Like Warren Hastings and Macaulay, Metcalfe was convinced that the English system’s formal courts, Bar, codes of law and rules of evidence had proved disastrous here. “All the injustice of former oppressors, Asiatic and European, appeared as a blessing when compared with the justice of the Supreme Court” was Macaulay’s devastating indictment. For Moon, courts were “a sham and a mockery in which police, witnesses, lawyers and judges all played their part in producing or using evidence which they knew to be quite false”. Courts had become the means of “harassing, imprisoning and even hanging one’s enemies”. Echoing their scepticism, Jaipal Reddy says the Supreme Court’s collegium system is riddled with nepotism and corruption. But it’s the best we have until the rural courts and fast-track tribunals planned under the Gram Nyayalaya Act make at least the lower judiciary less of an obstruction to justice.

A parliamentary investigation reeks of political opportunism. Commissions of inquiry only shelve problems. Institutional innovations like an independent investigation arm, tax return checks and proper audit would be at the mercy of the same flawed human agencies unless backed meaningfully by the law. Looking for an expert’s prescription, I turned to the Cricinfo cricket website and found its executive editor, Jayaditya Gupta, invoking a vision paper (“The cricket board in the 21st century”) that the BCCI circulated in December 2005 in its quest for “a transparent method” of selling television rights. The board is no nearer finding it five years later.

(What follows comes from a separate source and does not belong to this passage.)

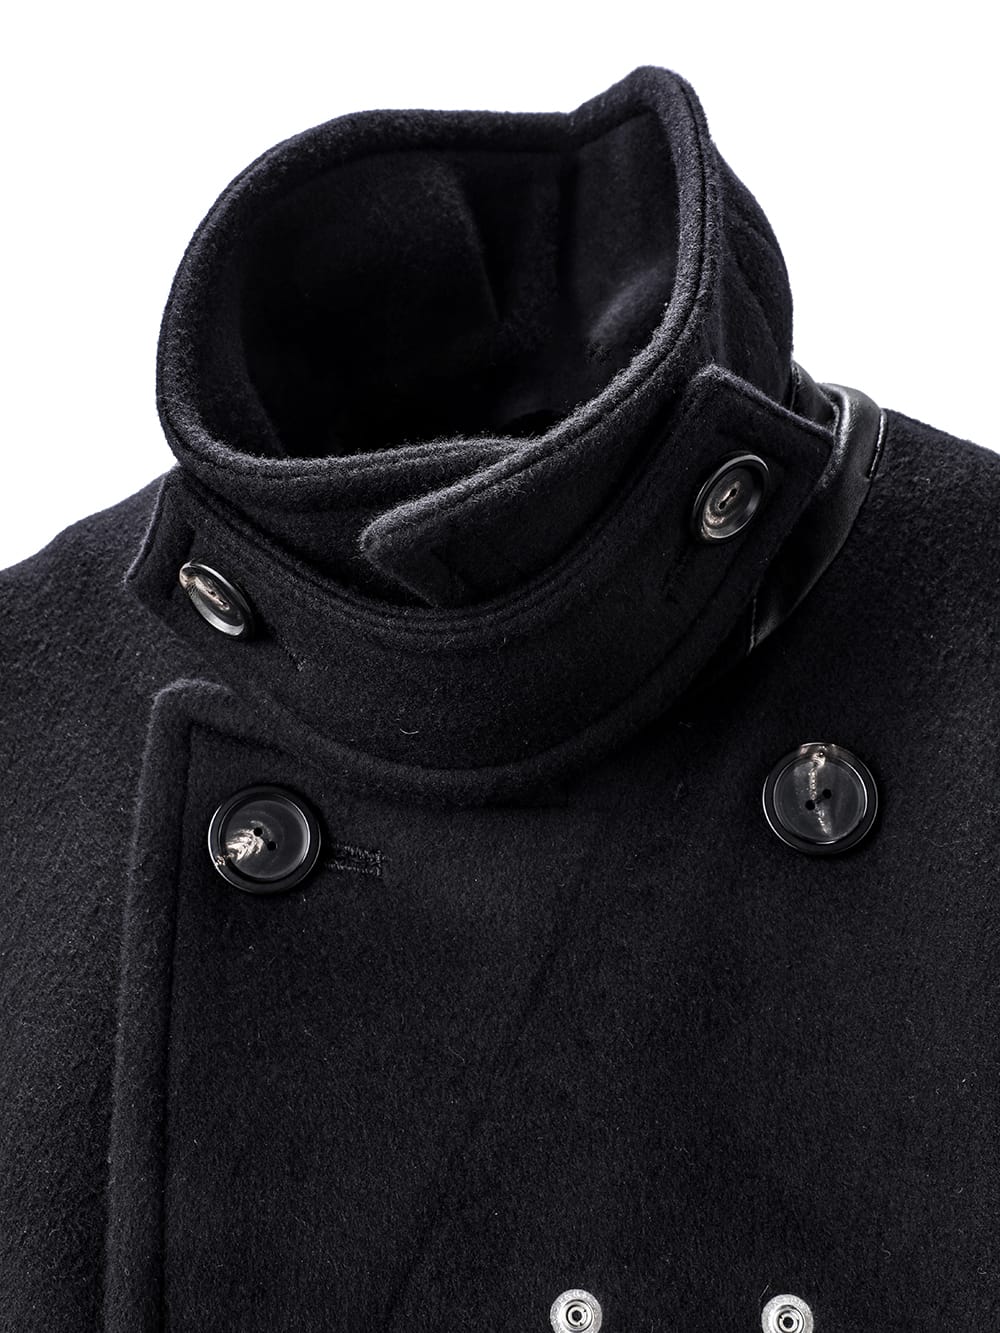 right - left pencil silhouette double-breasted pea coat

Nor will it ever, unless the law forces it to under pain of punishment.

Outbursts of political indignation and visibly frantic activity by the tax enforcement agencies will not disclose more than we know about, say, the mystery of Rustom Sohrab Nagarwala, the former army captain who impersonated the prime minister on the telephone to extract Rs 60 lakhs from the State Bank of India. Nagarwala took his secret to the grave or, rather, the vultures; the police officer investigating the case was run over by a police car and killed. One head will surely roll this time, but the galaxy of politicians, tycoons, operators, stars and cricketers cannot all be polished off.

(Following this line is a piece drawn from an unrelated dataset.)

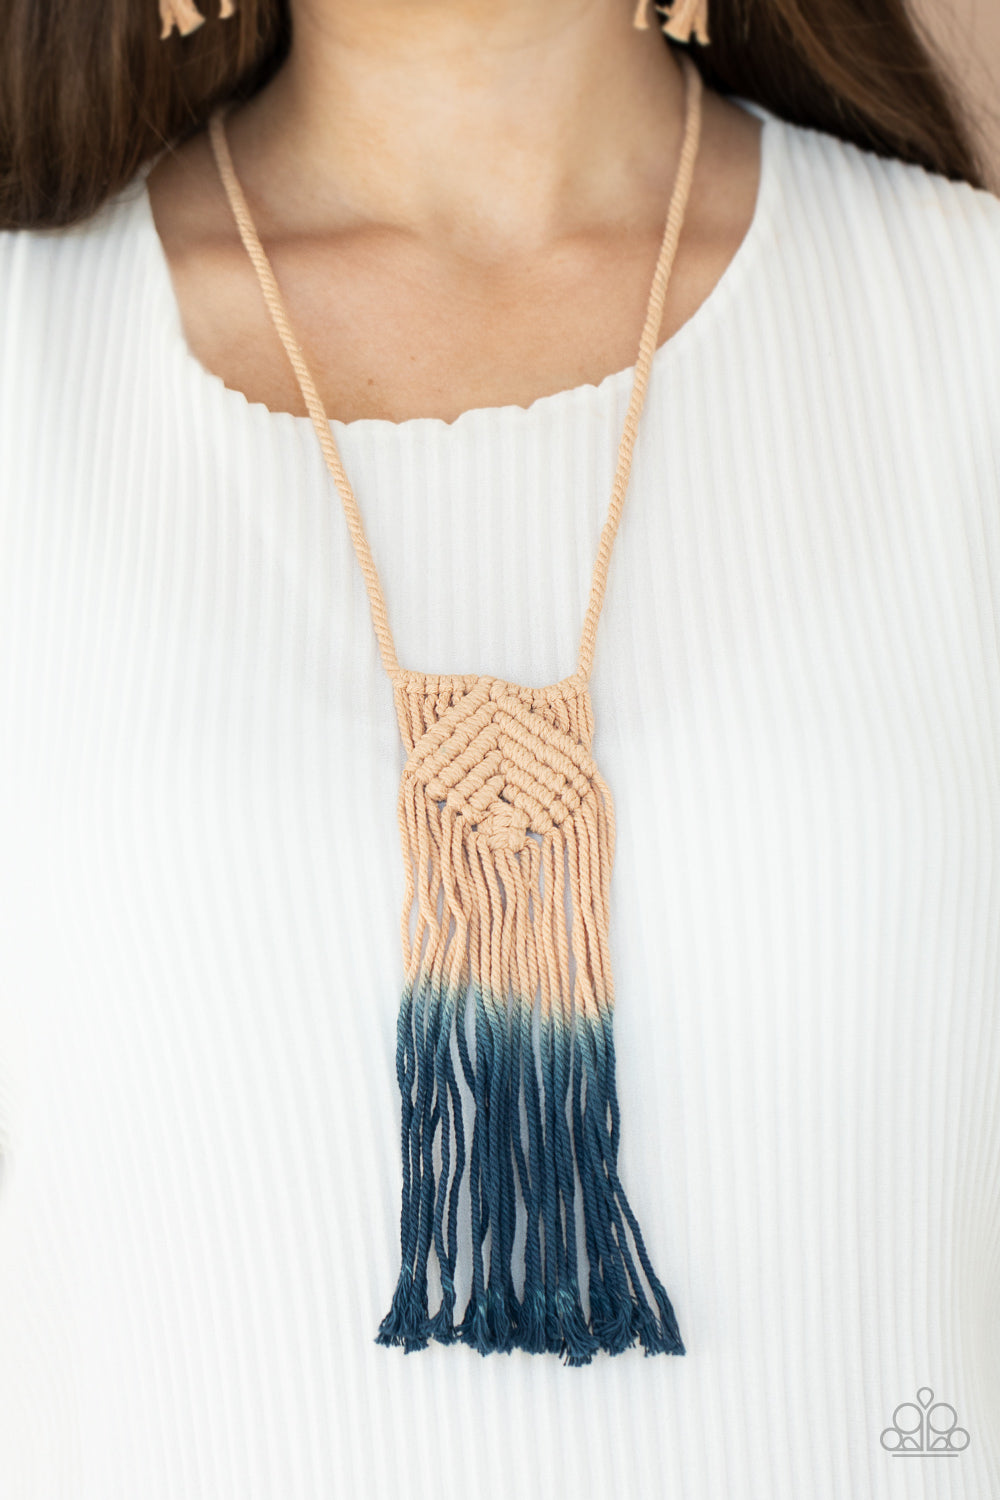 Look At MACRAME Now - Blue/Tan necklace

An aside: the affair should have bowled out the Tebbit test. Readers will recall the gnashing of immigrant teeth in Britain when Norman Tebbit, one of Margaret Thatcher’s ministers, decreed that loyalty was evident from which team people cheered. What loyalty can teams that belong to Preity Zinta or Mukesh Ambani command? Or expensively-bought global players advertising Indian Cement or the Deccan Chronicle? Loyalty in this context recalls a diehard Protestant saying during the communal-political disturbances in Belfast that Catholics were not loyal to the Crown but the half-crown, as the two-and-a-half shilling coin was called in those days. Bookies will say the incentive remains the same. Off-field antics probably add to the excitement. People are impressed by an individual’s ability to flout the law and get away with it.

Even if the IPL introduces a “fit and proper person test” like the English Premier League on which it was modelled, it will command little respect without the ultimate sanction of the law. As the reversal of the Jessica Lal murder verdict showed, that is not beyond India’s competence. A strong and impartial judiciary is a nation’s backbone. Nothing composes the mind of the “network of the rich, famous and influential” so much as the prospect of prison.